The point is more that advertising "we have $service", but then delivering a quality of service for $service that amounts to "unusable for any real-world use case" is bullshit.

But fine, power is too hopelessly complex to actually implement in a manner that would be useful to passengers. So the WiFi: my last flight was 99% packet loss, and 7,000ms+ ping times for the 1% that was delivered. Just making it through the idiotic MitM portal was a quest, but again the resultant service is utterly unusable.

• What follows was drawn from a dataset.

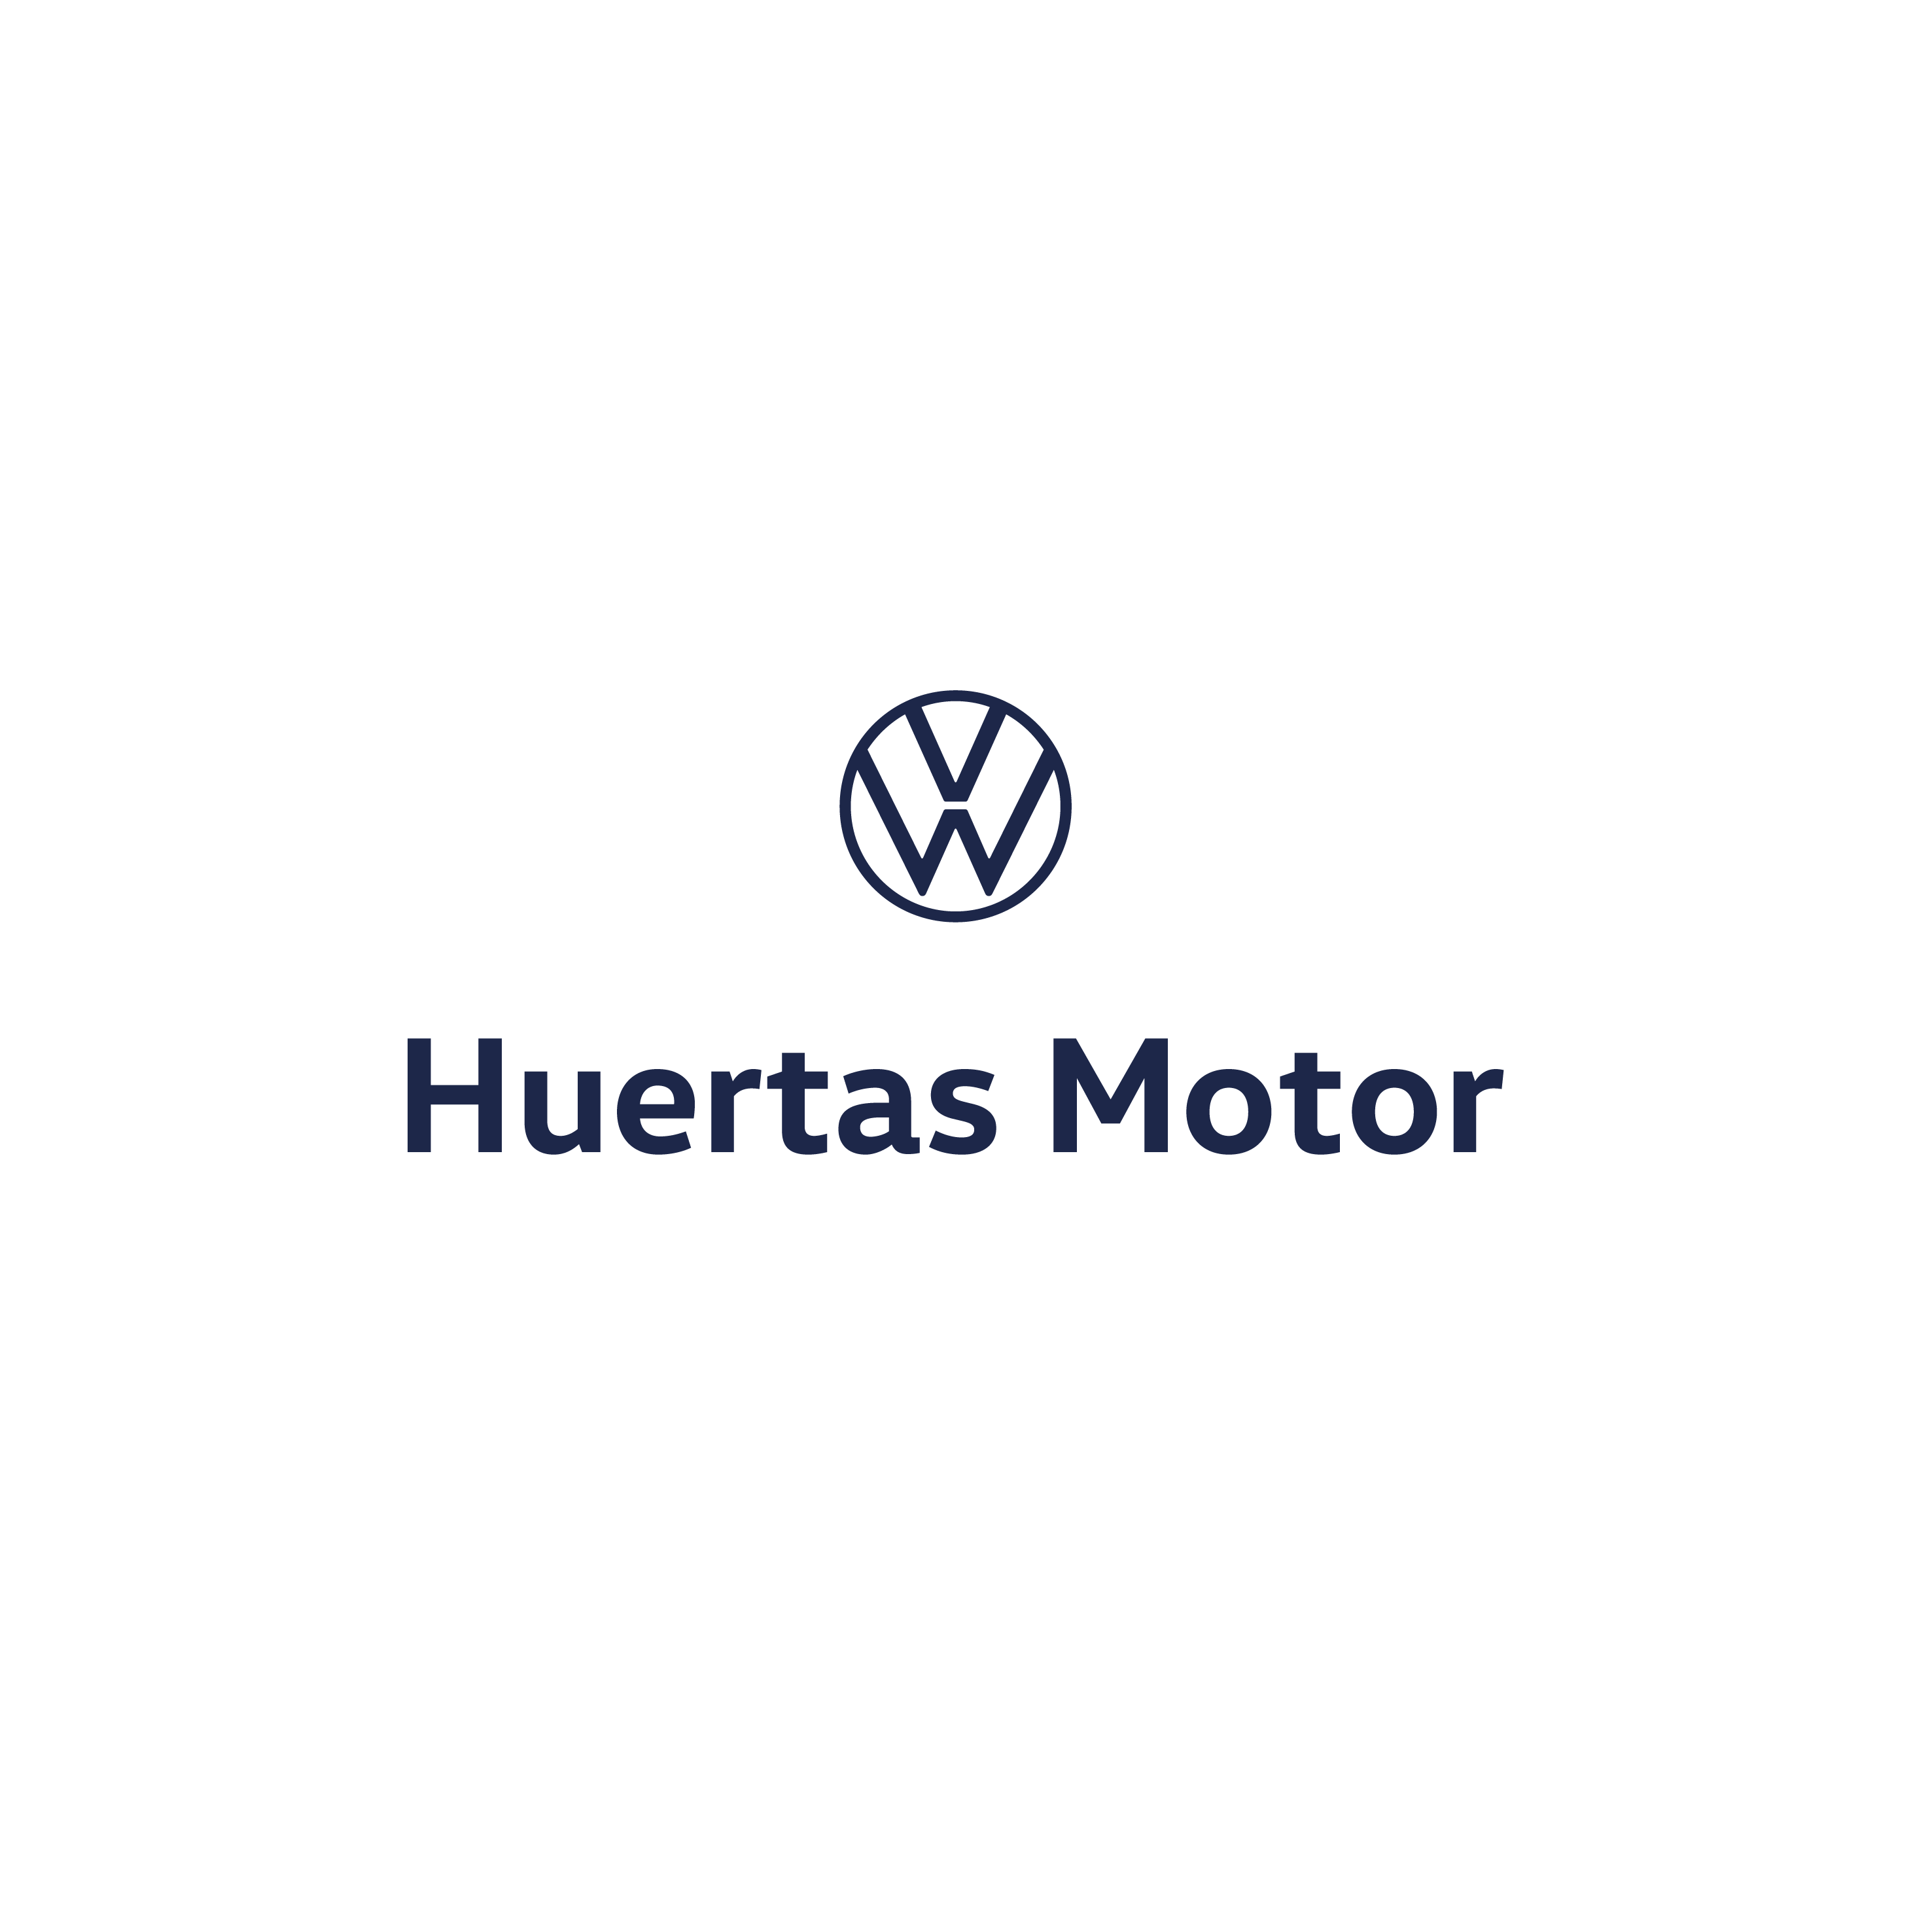 Volkswagen Huertas Motor - Murcia Murcia

The legal principle I'd point to here is "fitness for a particular purpose". The service was sold, and when it was sold, there was, in the buyer's mind, the assumption that it was fit for a particular purpose: reasonable usage of WiFi mid flight (e.g., low bandwidth, tolerably high latency uses; I'm not expecting to be able to game or stream a movie) or to power a portable device one might find in the average person's carry-on.

But it's just something between false advertising and enshittification. The airlines want to deliver a service, perhaps at one time they did, but they've not employed the people necessary to maintain it, and when the customer is shorted, there's zero recourse for the customer.

¹… of course, I end up being one of those drawing 0 since, you know, the fucking outlet is broken.

The_SamminAter•7mo ago
Heh. Many years and a few laptops ago, I had an MSI which, on several different flights, as soon as I plugged the charger into the laptop knocked out the power for my entire row and the row in front or behind me. Though, one notable time it took down all of the outlets.